Got it too, clean package! (never saw this kind)
But now... where can I fit this?


----------



## FordEscape (Nov 23, 2014)

*Well, heck ....

Between the two units I'm missing 8 of the 16 setscrews for making speaker output connections 

Oh, and those allen wrenches included for those setscrews ... forget it, both are the wrong size   

I can only hope this inauspicious start doesn't portend greater problems with refurb unit QC*


----------



## Alrojoca (Oct 5, 2012)

Brown boxes? Post pictures! Come on


----------



## sirbOOm (Jan 24, 2013)

FordEscape said:


> *Well, heck ....
> 
> Between the two units I'm missing 8 of the 16 setscrews for making speaker output connections
> 
> ...


Hmm... I haven't even opened mine yet. Will do when I get home.


----------



## FordEscape (Nov 23, 2014)

Lol, first experience with JBL parts 800 number. After 30 minutes with the very difficult to understand (extreme accent) young lady she found my warranty file using the order number from the JBL email confirmation of my ebay purchase (thankful for that at least) and agreed to send the setscrews no charge. I never mentioned wrenches, I've got that covered.

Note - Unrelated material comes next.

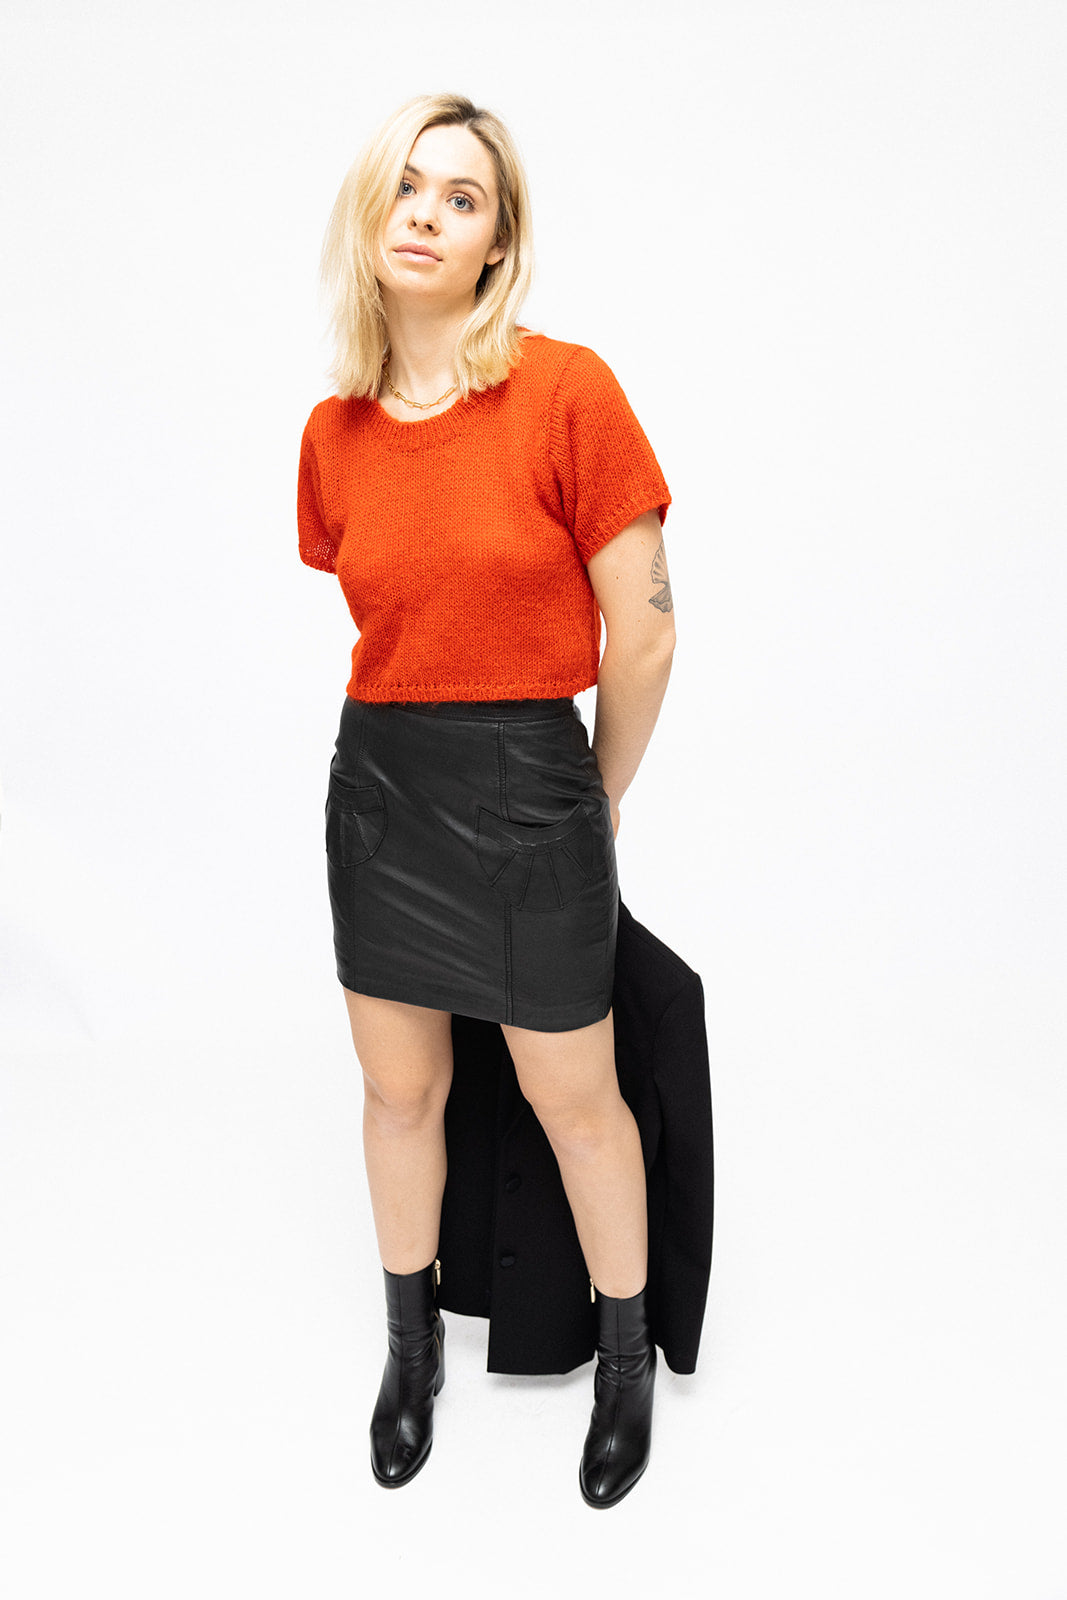 Arabella Ramsay Mini Leather Skirt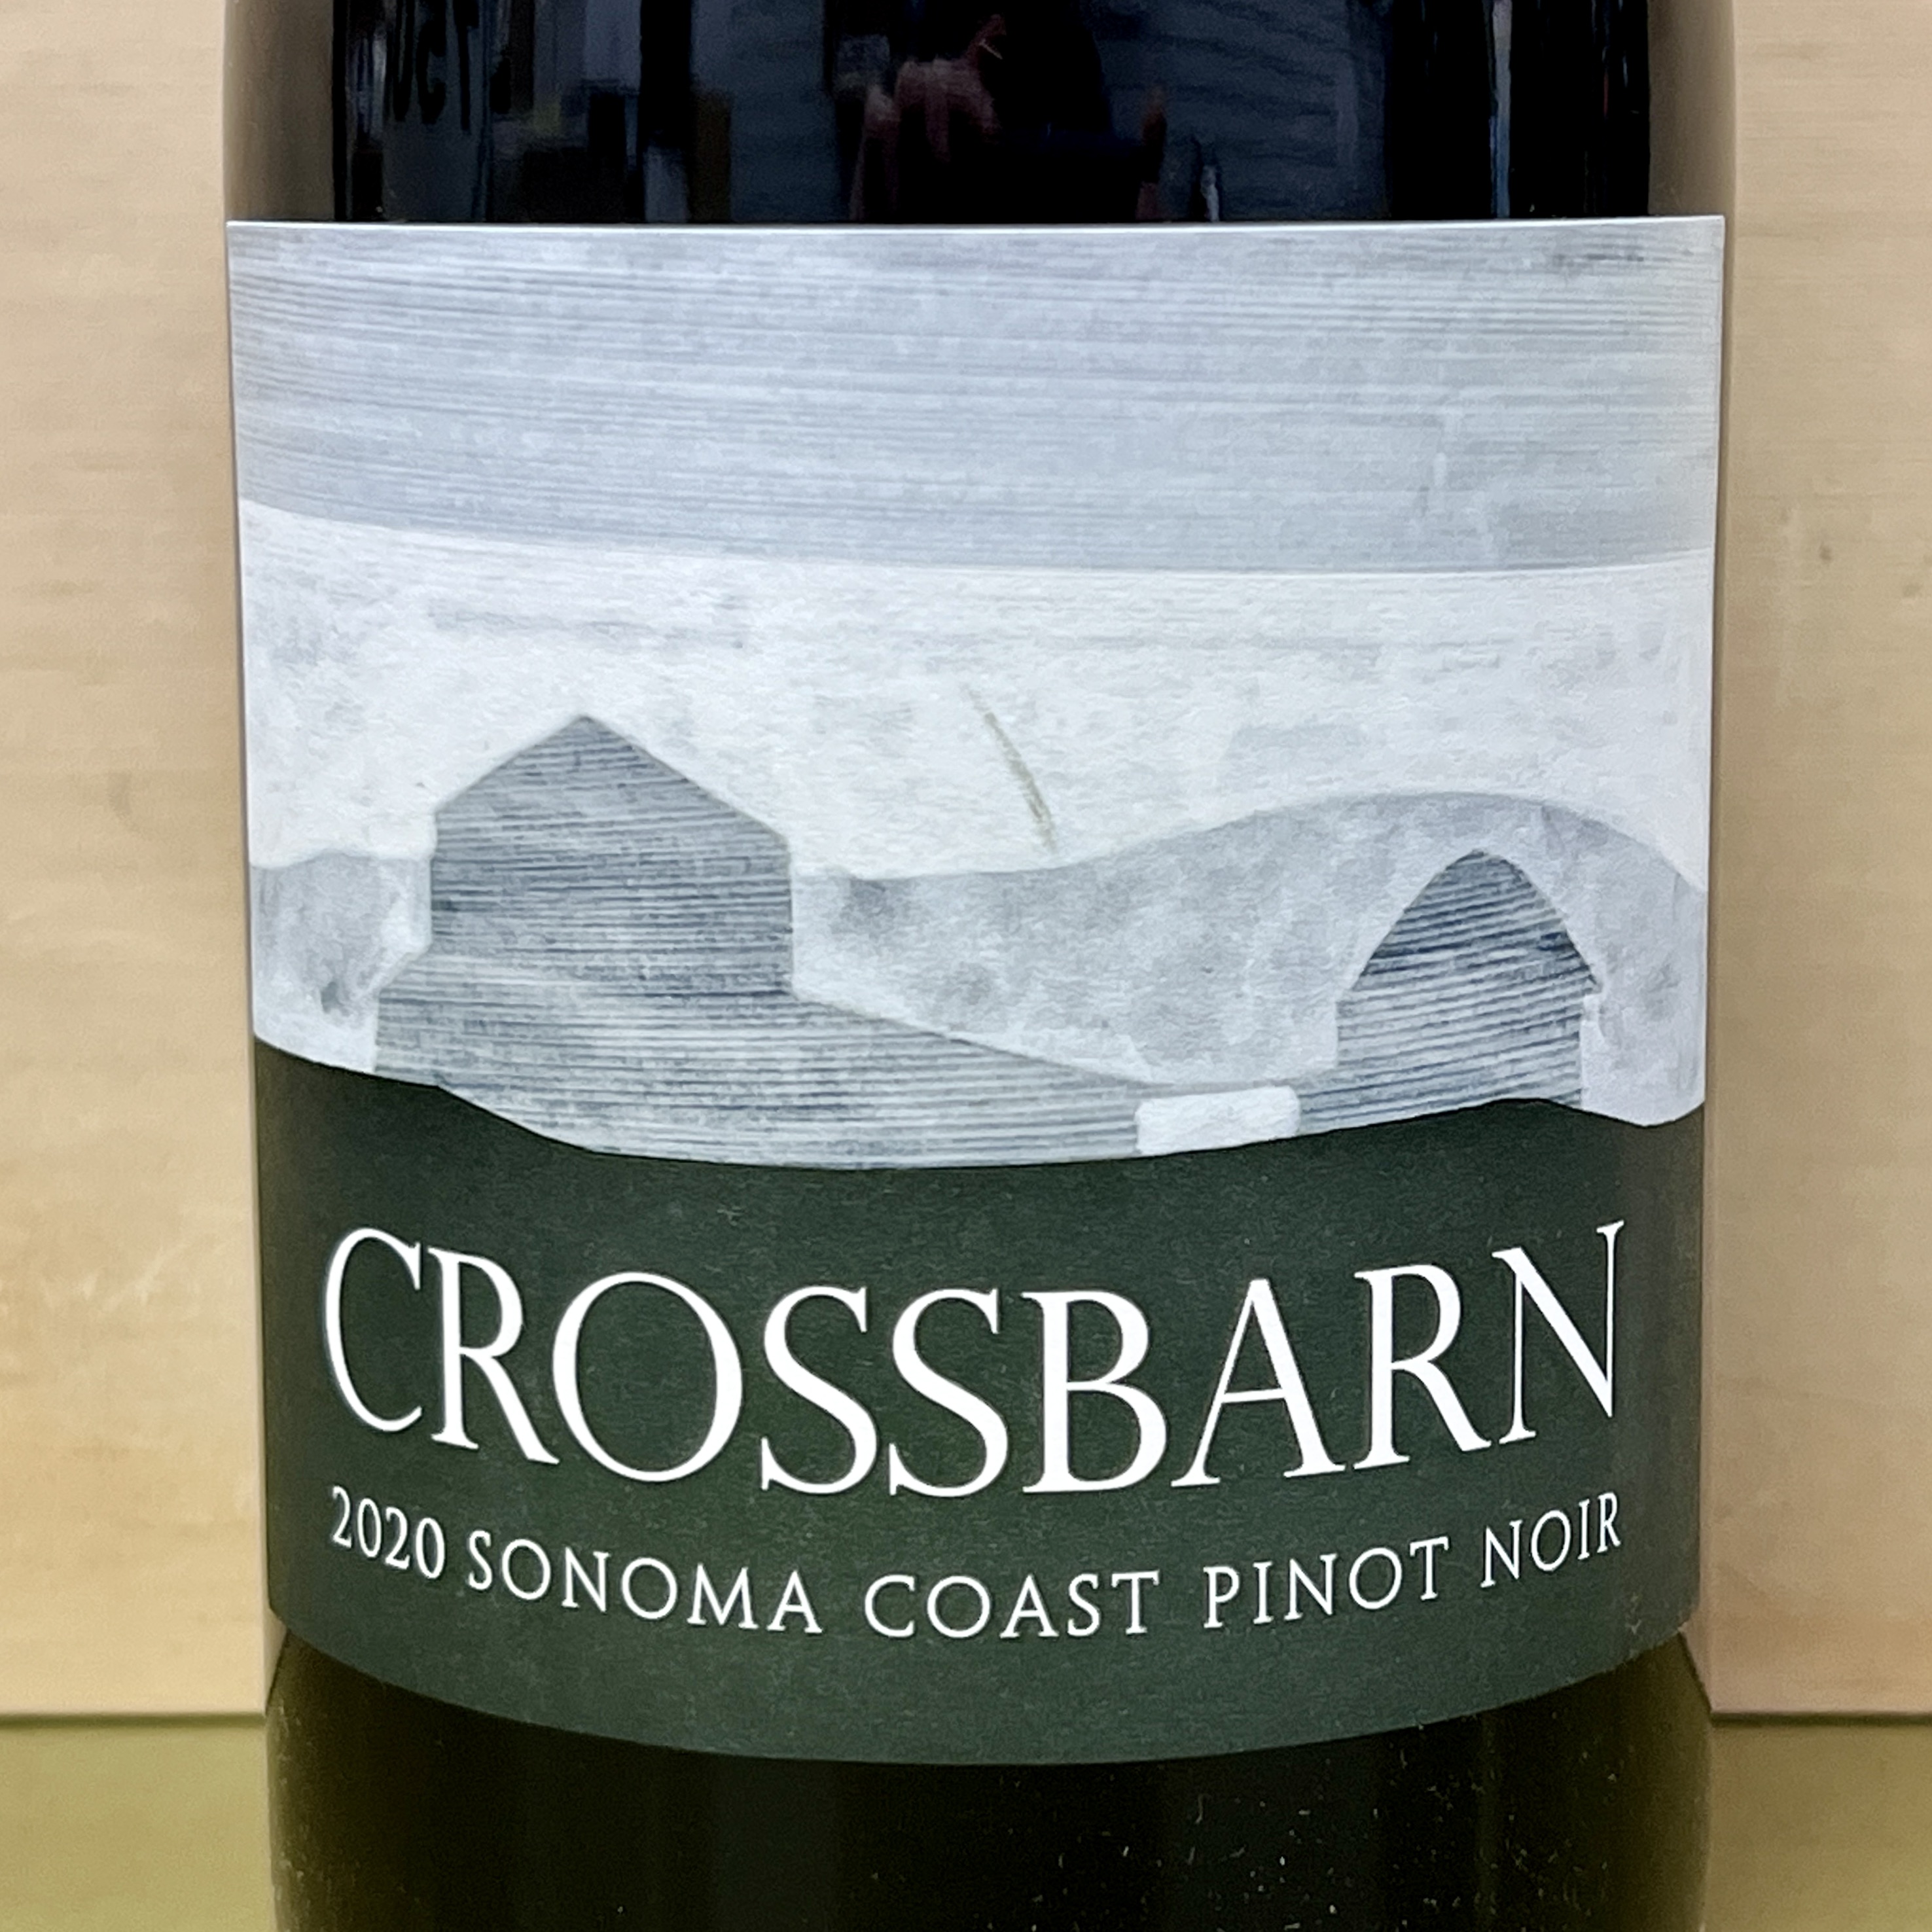 Crossbarn Sonoma Coast Pinot Noir 2020

Shortly after the call I get the email parts confirmation showing ...

Order No 2789652 
Item 65.1.2R520
Description *2.5mm Allen Wrench* 
Quantity 8 
Your Price 0.00

In 5 days I may get 8 Allen wrenches and no set screws (Oh Boy!)

Off to the local bolt-house to get setscrews, I definitely want to get these things powered-up for a check-out ASAP, there's a 30-day limit on the swap-out warranty.

Are we having fun yet?


----------



## Elgrosso (Jun 15, 2013)

Humm I didn't check this, but will do.
Mine really looked new, no marks anywhere.
But about the refurb' reliability: 3 or my 4 came from HK ebay, and 1 used from here > no issue. But we never know of course.


----------



## thehatedguy (May 4, 2007)

There is a picture of one on ebay in the brown refurb box.


----------



## FordEscape (Nov 23, 2014)

The missing setscrews being the only glitch (minor, solved with a run to the local bolt house) I've had 'em up and running for a day .... these things are great!

Thanks again for the lead, sirbOOm


----------



## tbomb (Nov 28, 2007)

Whats up with the price increase!!!??


----------